Many workers accepted generous buyout offers.
“We were the last generation to be recruited,” said Fabbio Mosesso, 53, who joined Fiat nearly 36 years ago. “Businesses don’t spend money to encourage electric vehicle purchases but to motivate people to leave their jobs.”
Auto worker and union representative Giacomo Zulianello, 58, accused Stellantis of “bleeding us”, adding that “the complete killing of Mirafiori was too much even for Tavares. But in reality, Mirafiori is closed.”
Michaela San Filippo, 51, a second-generation Fiat assembly line worker who is also on leave, said she and her colleagues are facing financial difficulties, even ignoring medical expenses. “You have to give up everything that is not necessary,” she said. “You are not alive; you just have to survive.”
Stellantis has brought new businesses into Mirafiori, including an EV battery testing center, an auto parts recovery and recycling unit, and a new assembly line to power the Fiat 500 hybrid vehicle, expected production begins in 2026.
Part of the factory is also a place to display vintage Fiat cars. However, marking Fiat’s 125th anniversary this summer, Urso expressed sadness at the factory’s dwindling output.
“Fiat is Turin,” said the minister, a member of Meloni’s right-wing Brothers of Italy party. “It is the largest industrial plant in Europe and we cannot accept that it is becoming simply an industrial museum.”
Not everyone is pessimistic. Stefano Lo Russo, mayor of Turin, said the city is going through a transition not unlike the period when cars replaced horse-drawn carriages.
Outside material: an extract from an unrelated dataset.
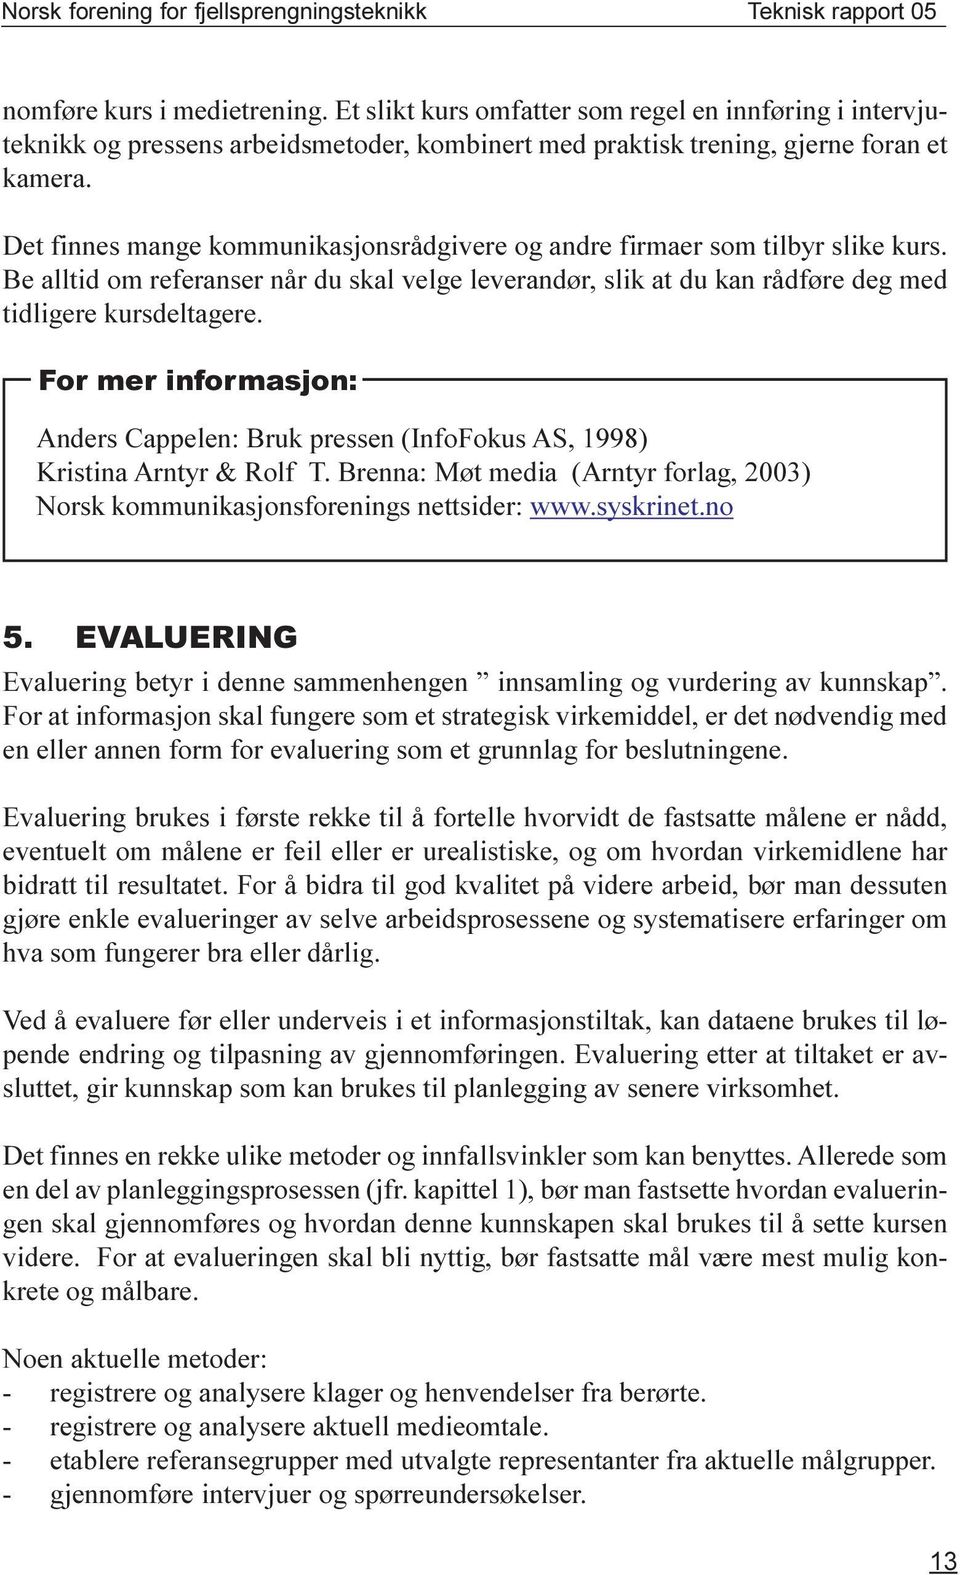 For mer informasjon: Anders Cappelen: Bruk pressen (InfoFokus AS, 1998) Kristina Arntyr & Rolf T. Brenna: Møt media (Arntyr forlag, 2003) Norsk kommunikasjonsforenings nettsider: www.syskrinet.no 5.

“When we switched from horses to cars, we stopped providing the horse supply chain in the city and started having mechanics,” Lo Russo said. “That is progress. New technology means change.”
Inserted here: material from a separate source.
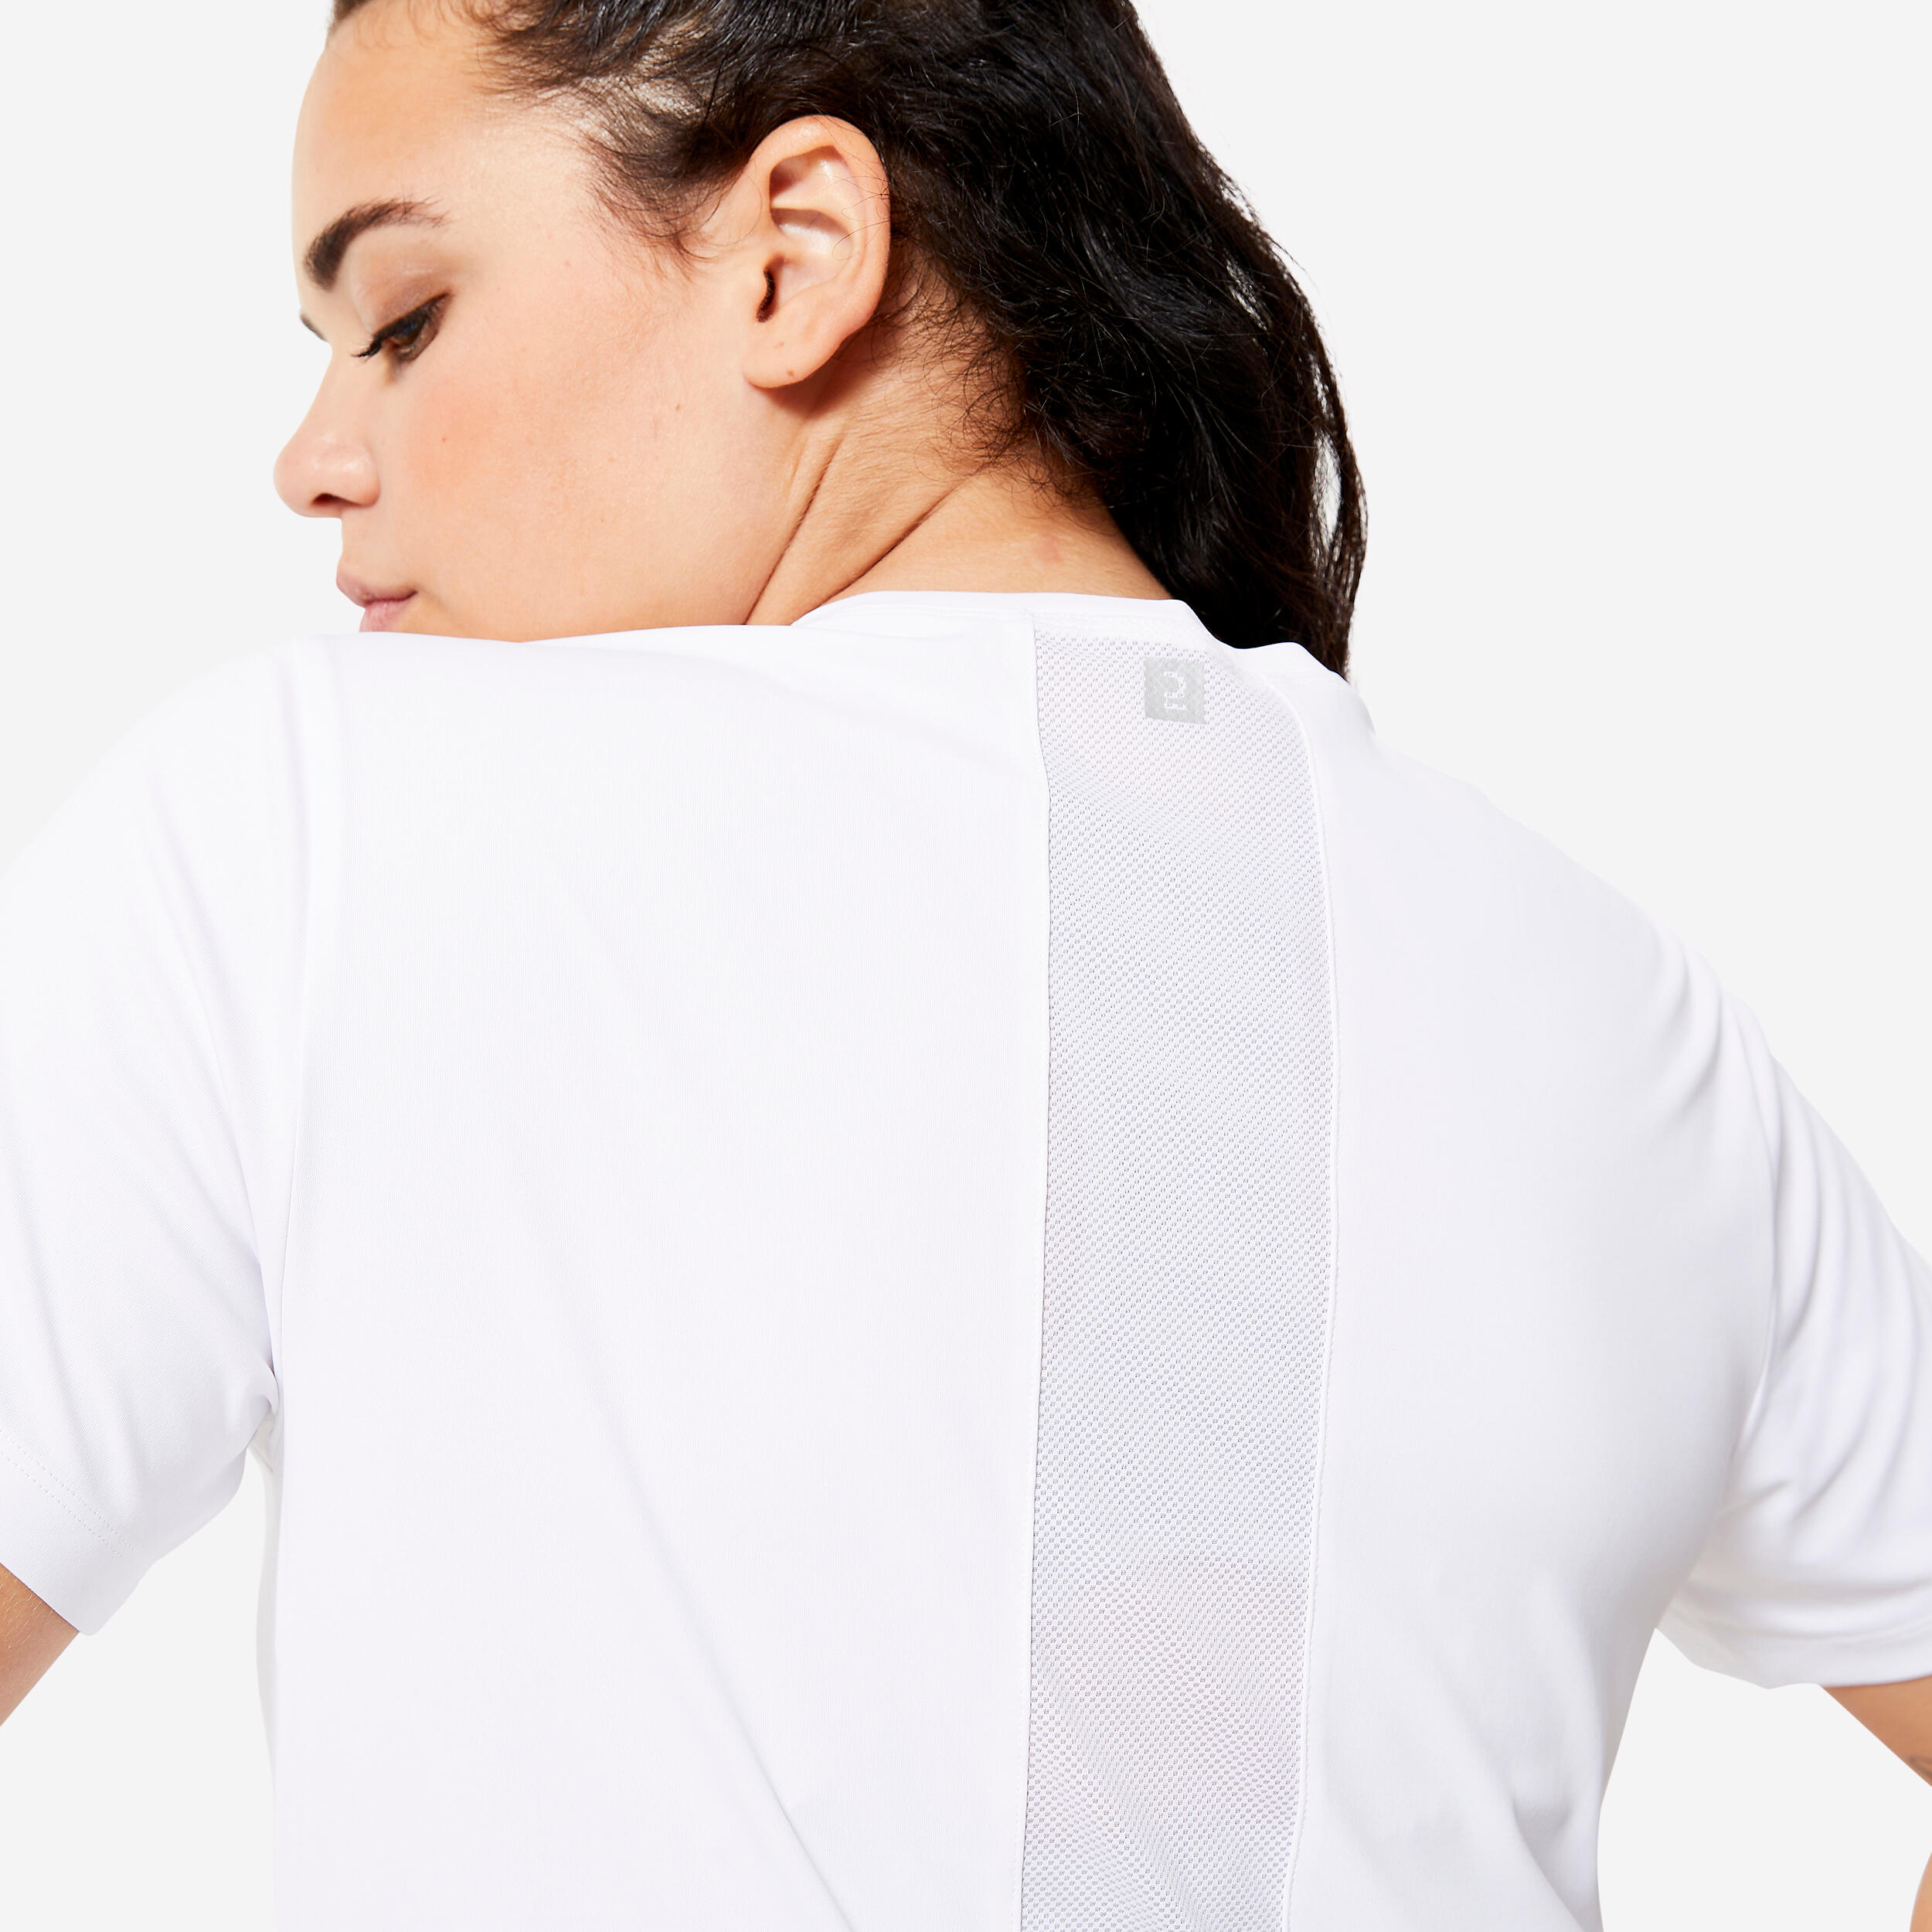 Women's Short-Sleeved Cardio Fitness T-Shirt - White 5/6

He said Turin’s auto manufacturing history and its technical colleges were supporting a vibrant new aerospace industry, underpinned by the operations of France’s Thales and its Italian defense enemy Leonardo.
“The city’s real profession is not just cars – Turin is a city of engineering and manufacturing,” says Lo Russo. “We can work on cars, satellites, airplanes. More than a city of cars, it is a city of engineers.”
David Avino, a former Italian military officer and software engineer, chose Turin to launch his Argotech space project in 2008, providing space services and astronaut training as well as manufacturing small satellites. Employing about 170 people in the city, Argotech is actively hiring, although Avino said the space sector needs at least another decade to grow to scale.
“If people continue to invest. . . It will be in effect for another 10 or 15 years. But it’s important to get started,” he said.
Andrea Giordano, 36, joined Argotech after his previous employer, a leading auto components company, laid off its Turin workforce earlier this year.
“My hope is that like the auto boom of the 1970s, this city will have an aerospace boom,” said Giordano, a warehouse operator. “In the meantime, it will be difficult. We will have to tighten our belts.”